2.彼女の知らない裏側で
「次代、こちらがこの一か月の間に彼女に嫌がらせをしようとした人間と近づこうとした人間のリストです」
生徒会の仕事が終わった放課後。
寮にある司の部屋で報告すると、リストに目を通した司が目を細めた。
「思ってたより少ないね」
「群衆が使役獣と契約したり色付きの寮に入ることに対する心理的な抵抗と、青柳家と敵対するリスクを天秤にかけた結果でしょう。青の一族と青柳家に関わる緑の一族の生徒たちが好意的なので、不満が出ないように立ち回ってくれているのも大きいと思います」
「嫌がらせの方は排除。近づこうとしたのは今のところ様子見で。……彼女は嫌がらせされてるのに気づいたりしてない?」
「その辺は問題ないと思うぜ。持ち物隠そうとしたり汚そうとしたやつらは名前と顔だけ特定して放り出してるし、不利なうわさも広がる前に鎮火済み。直接どうこうしようにも基本的にお前がそばにいるから手出しできるやついないしな」
「俺がそばにいられない間は?」
「放課後はお前といるとき以外は図書室に入り浸ってるからな。月草の言うには図書室からの帰りは気配を薄くする術がかけられてるらしいから嫌がらせしようもない感じだな」
「図書室……」
嫌そうな顔をする司に彼がため息をつく。
「図書室のあれは存在自体マズいけど、あいつから本取り上げんのは無理だろ」
「……だよねえ」
彼女の様子を思い出したのか、表情をやわらかくさせる司にもう一つの懸案事項をぶつける。

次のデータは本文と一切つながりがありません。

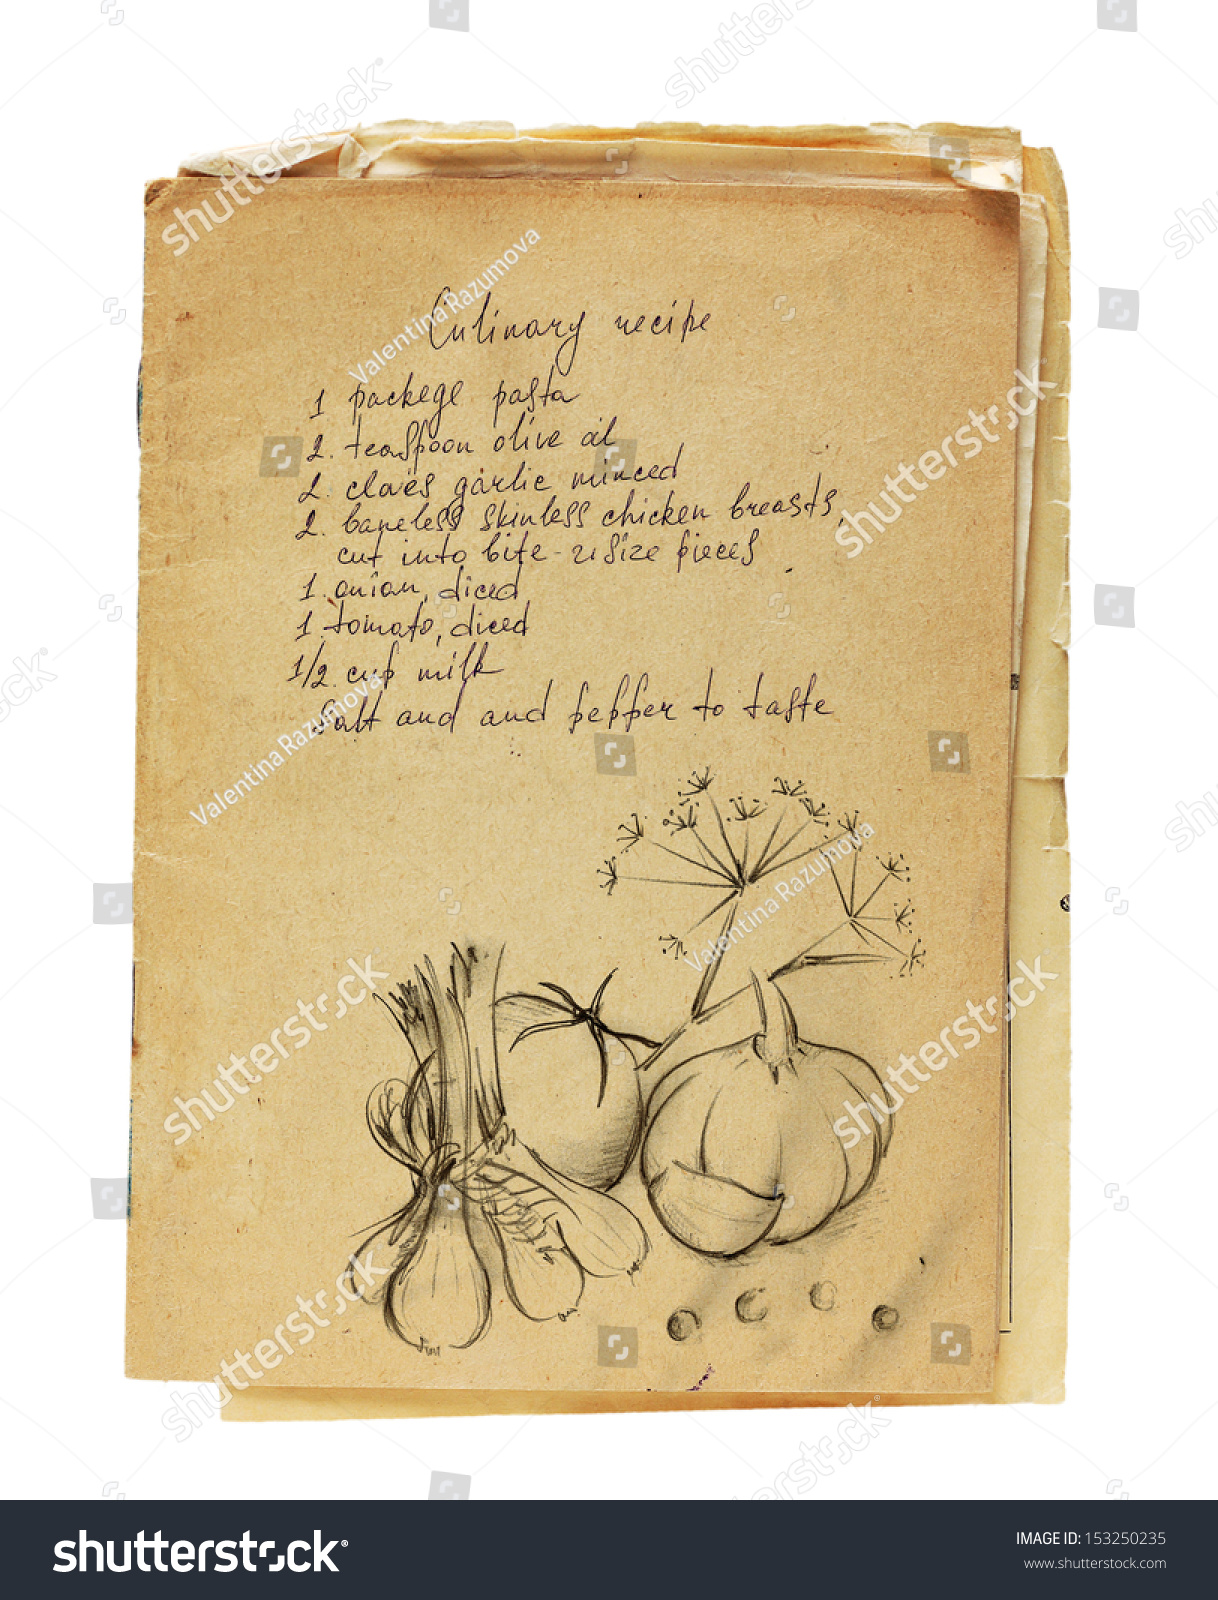 Old recipe book isolated on white background. #153250235

「次代、いいかげん彼女の名前を決めてください。あちこちで好きなように呼ばれだしてますよ」
「うーん……」
「自分たちだけの名前があるから気が進まないにしても、変な名前で固定されたらどうするんですか」
突っ込んで言えば、司は気のない様子でこちらに投げてきた。
「なら月草が適当に決めておいて」
「それでは瑠璃ではいかがですか?由緒ある名前ですし一目で青だとわかりますし」
「じゃあそれで」
「わかりました。周知しておきます」
「そうして」
一通りの内容が終わると、司はふうと珍しく大きなため息をついた。
「……何かあったんですか?」
何か問題でもあるのかと聞いてみると、
「キスとかしたいなあ……」
べしゃりと机の上に伸びてつぶやく。
「すればいいじゃないですか」
「だってとまれないから。魔力枯渇に近い状態でも痛みがあるんだから、通常状態でなんてケガさせちゃうよ」
「あんたのところは魔力差が激しいですからね」
「そっちはどうしてるの?」
「魔力操作して魔力を中和させてますね」
「それって俺にもできる?」
「あんたは魔力操作が壊滅的に下手なんで無理だと思いますよ。オレが横について操作すればできなくはないでしょうけど……」
「やめてやれよ。あいつが気の毒だろ」
今まで黙っていた彼があきれたように言って書類を手に立ち上がった。
「ちょっと交渉いってくる」
「ついていきますよ」
「おれ一人で行かないといつまでたっても仕事覚えられないだろ。青柳も免疫的な問題っていうんなら、見込みないわけじゃねえんだからあんまヘコむなよ」
ぱたんと扉が閉まって、なんとなく司と顔を見合わせてしまう。
「なんであの人あんな格好いいんですかね」
「俺は時々じじいと話してる気分になるんだけど」
「それ、格好いいって言ってるのと同じですよ」
「……ああ。また明日まで会えないのか……彼女に電話するからもう帰れば」
「それでは自室に戻らせてもらいます。何かあったら呼んでください」
「呼ぶことはないと思うけど」
「それでも一応ですよ。失礼します」
「うん。また明日」
「はい」
*
『悪意が存在することさえ知らせずに』
司のやりかたに彼女が不満をもらしていることも知っているけれど。
彼女には笑っていてほしいというのは、全員の共通の願いなのだ。